We remeasured the Yend PDH box.

When we first started, the green couldn't hold lock to the arm - it kept flickering between modes.  Changing the gain of the PDH box (from 7.5 to 6.0) helped.

We measured a calibration, from our injection point to our measurement point.

The concept was that we'd take the mixer output, and put that into an SR560, and put the swept sine injection into the other input port of the '560, and use A-B.  So, for this calibration, we left A unplugged, and just had the RF out of the 4395 going to input B of the '560.  The 600 Ohm output of the '560 went to the error point input on the PDH box (during normal operation the mixer output is connected directly to the error point input).  The SR560 was set to gain of 1, no filtering.  I don't recall if we were using high range or low noise, but we tried both and didn't really see a difference between them.

We had the 4395 take that calibration out, and then we measured the closed loop gain up to 1 MHz. (Same measurement setup as above, but we connected the mixer out to the input of the SR560 to close the loop, and made sure we were locked on a TEM00 green mode.) Rana used an ipython notebook to infer the open loop gain from our measurement.  Our conclusion is that we don't have nearly enough gain margin in our loop.  We found the PDH box gain knob at 7.5, and we turned it down to 6.0, but the loop is still pretty borderline. We used the high impedance active probe to measure the error point monitor, since we aren't sure that that point can drive a 50 Ohm load.

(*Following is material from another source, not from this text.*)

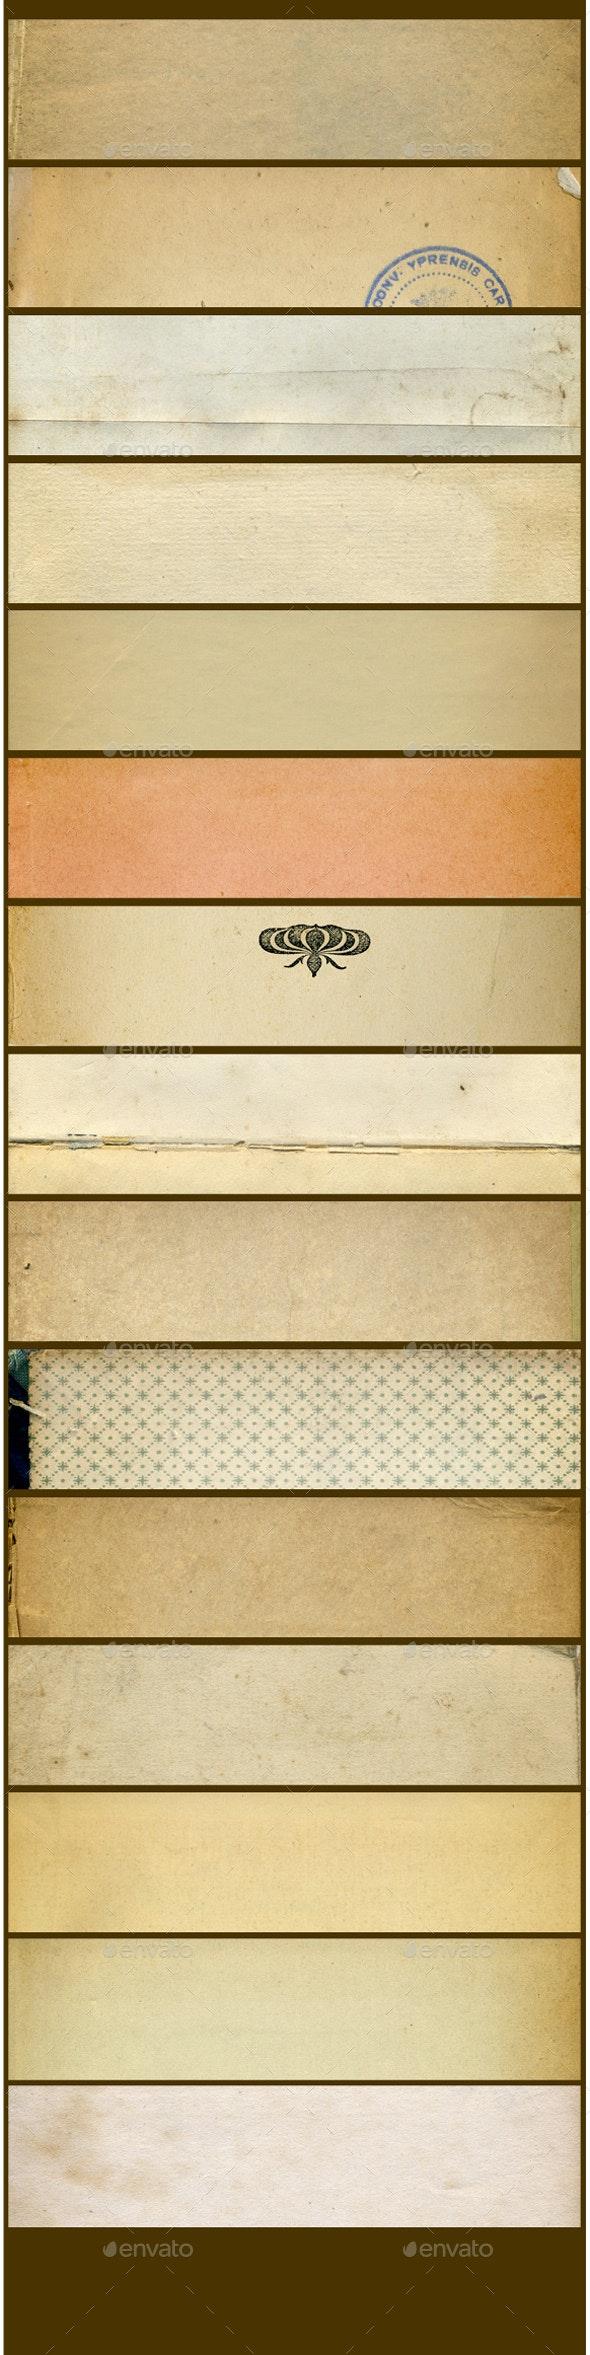 Antique paper textures pack - Paper Textures

We also measured the error point spectra and the control point spectra.  Unfortunately, the saved data from the analyzer (no matter what is on the screen) comes out in spectrum, not spectral density.  So, we need to check our conversion, but right now to get from Watts power to Volts, we do sqrt(50 ohm * data).  We then need to get to spectral density, and right now we're just dividing by the square root of the bandwith that is reported in the .par file. This last step is the one we want to especially check, by perhaps putting some known amount of noise (from an SR785?) into the 4395, and checking that our calibration math returns the expected noise spectrum.

What still needs to be done is to calibrate this into Hz/rtHz.  To do this, we were thinking that we should look at the error point on a 'scope while the cavity is flashing.

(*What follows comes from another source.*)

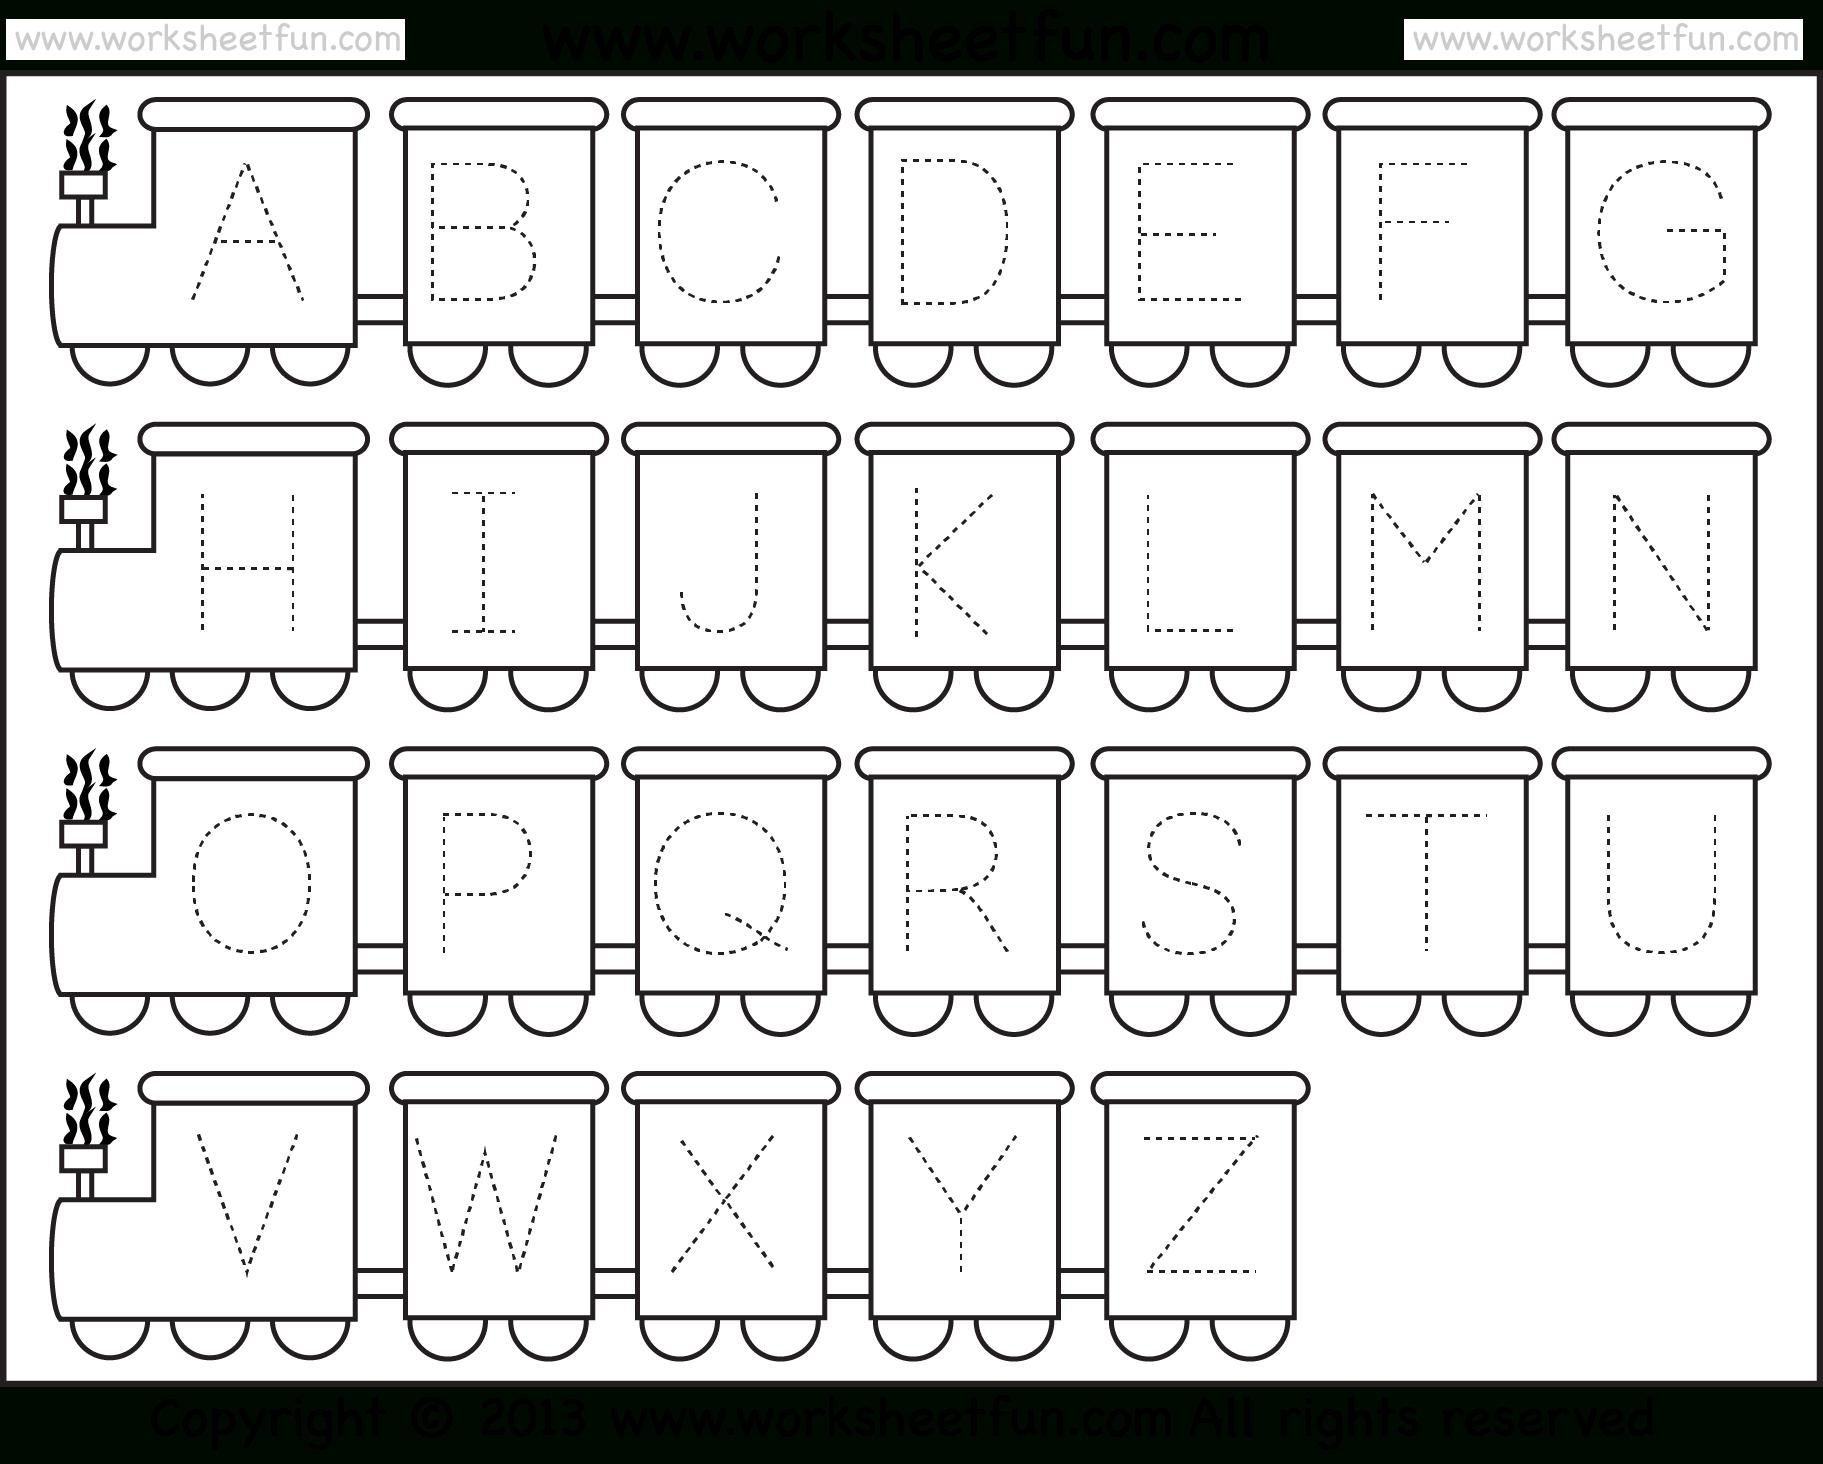 Letter Tracing Worksheet – Train Theme / Free Printable regarding Letter I Worksheets For Kindergarten Free

Anyhow, here is the uncalibrated error point spectrum.  Purple is a measurement up to 30kHz, with 30Hz bandwidth.  Blue is a measurement up to 300kHz with 300Hz bandwidth.  The gain peaking schmutz above 10kHz sucks, and we'd like to get rid of it.  We also see the same peak at ~150kHz that Q saw earlier today.  We were using the high impedance probe here too.


 We have the data for the control point (all the data files are in /users/jenne/ALS/PDHloops/Yend_18Aug2014), but we haven't plotted it yet.

Things that need doing:

* (JCD) Think about this box's purpose in life.  What kind of gain do we need?  Do we need more / less than we're currently getting? NPRO freq noise is 1/f and is 10kHz/rtHz at 1Hz (this is from a plot of an iLIGO NPRO from Rana's thesis, but it's probably similar). Talk to Kiwamu; the noise budget in the paper seems to indicate that we had some kind of boost on or something.  Also, if we need much more gain than we already have, we'll definitely need a different box, maybe the PDH2 box that they have over in WBridge.

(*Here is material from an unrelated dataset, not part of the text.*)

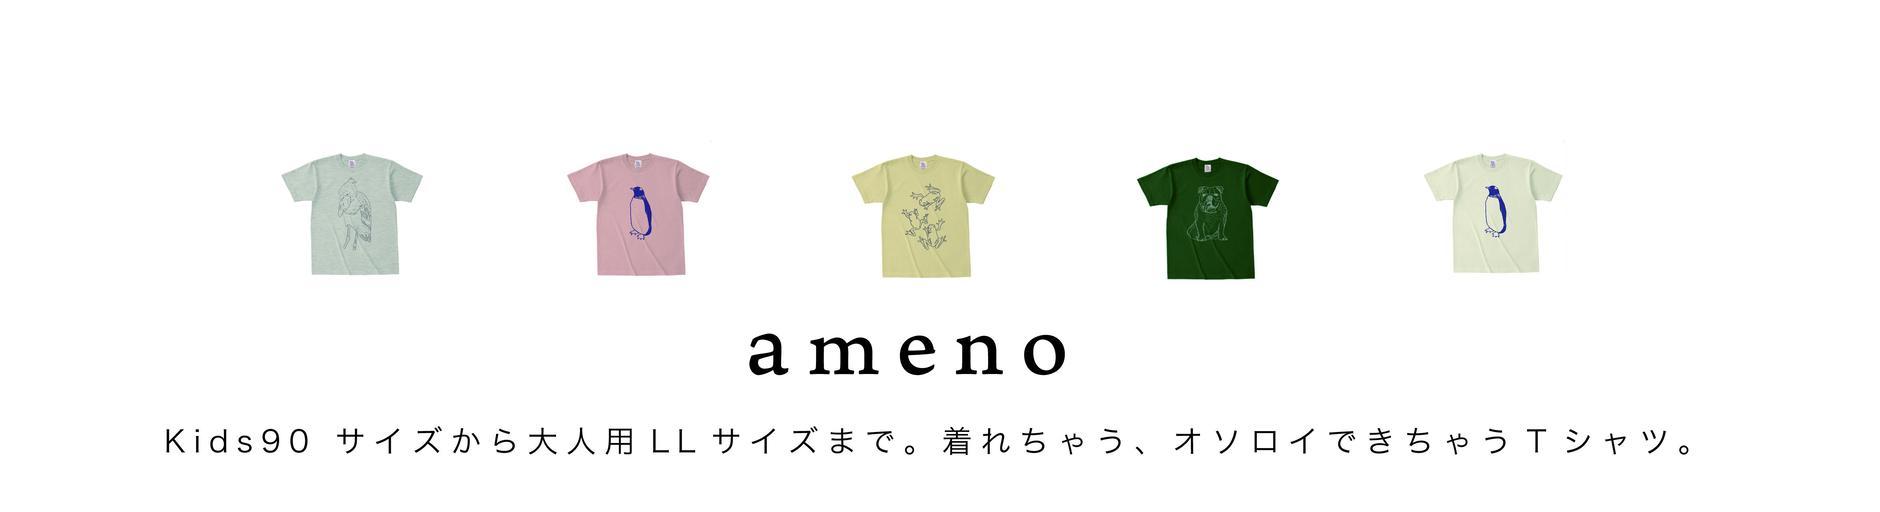 ameno online store

* (EQ, priority 1) Measure and calibrate error point noise down to lower freq for both arms.  What could we win by putting in a boost? If the residual noise is high, maybe the laser isn't good at following arm, so beatnote isn't good length info for the arm, and we can't succeed.

* (EQ, priority 2) Measure TF of PDH box, and a separate measurement of the Pomona box that is between the mixer and the error point - is that eating a bunch of phase?  It's already an LC circuit which is good, but do we really want a 120kHz lowpass when our modulation frequency is roughly 200kHz?  Ask ChrisW - he worked on one of these with Dmass.

* (EQ, priority 2ish) Measure TF of Xend PDH loop (unless you already have one, up to ~1MHz).

* (JCD) Make DCC tree leaf for PDH box #17.  Take photos of box.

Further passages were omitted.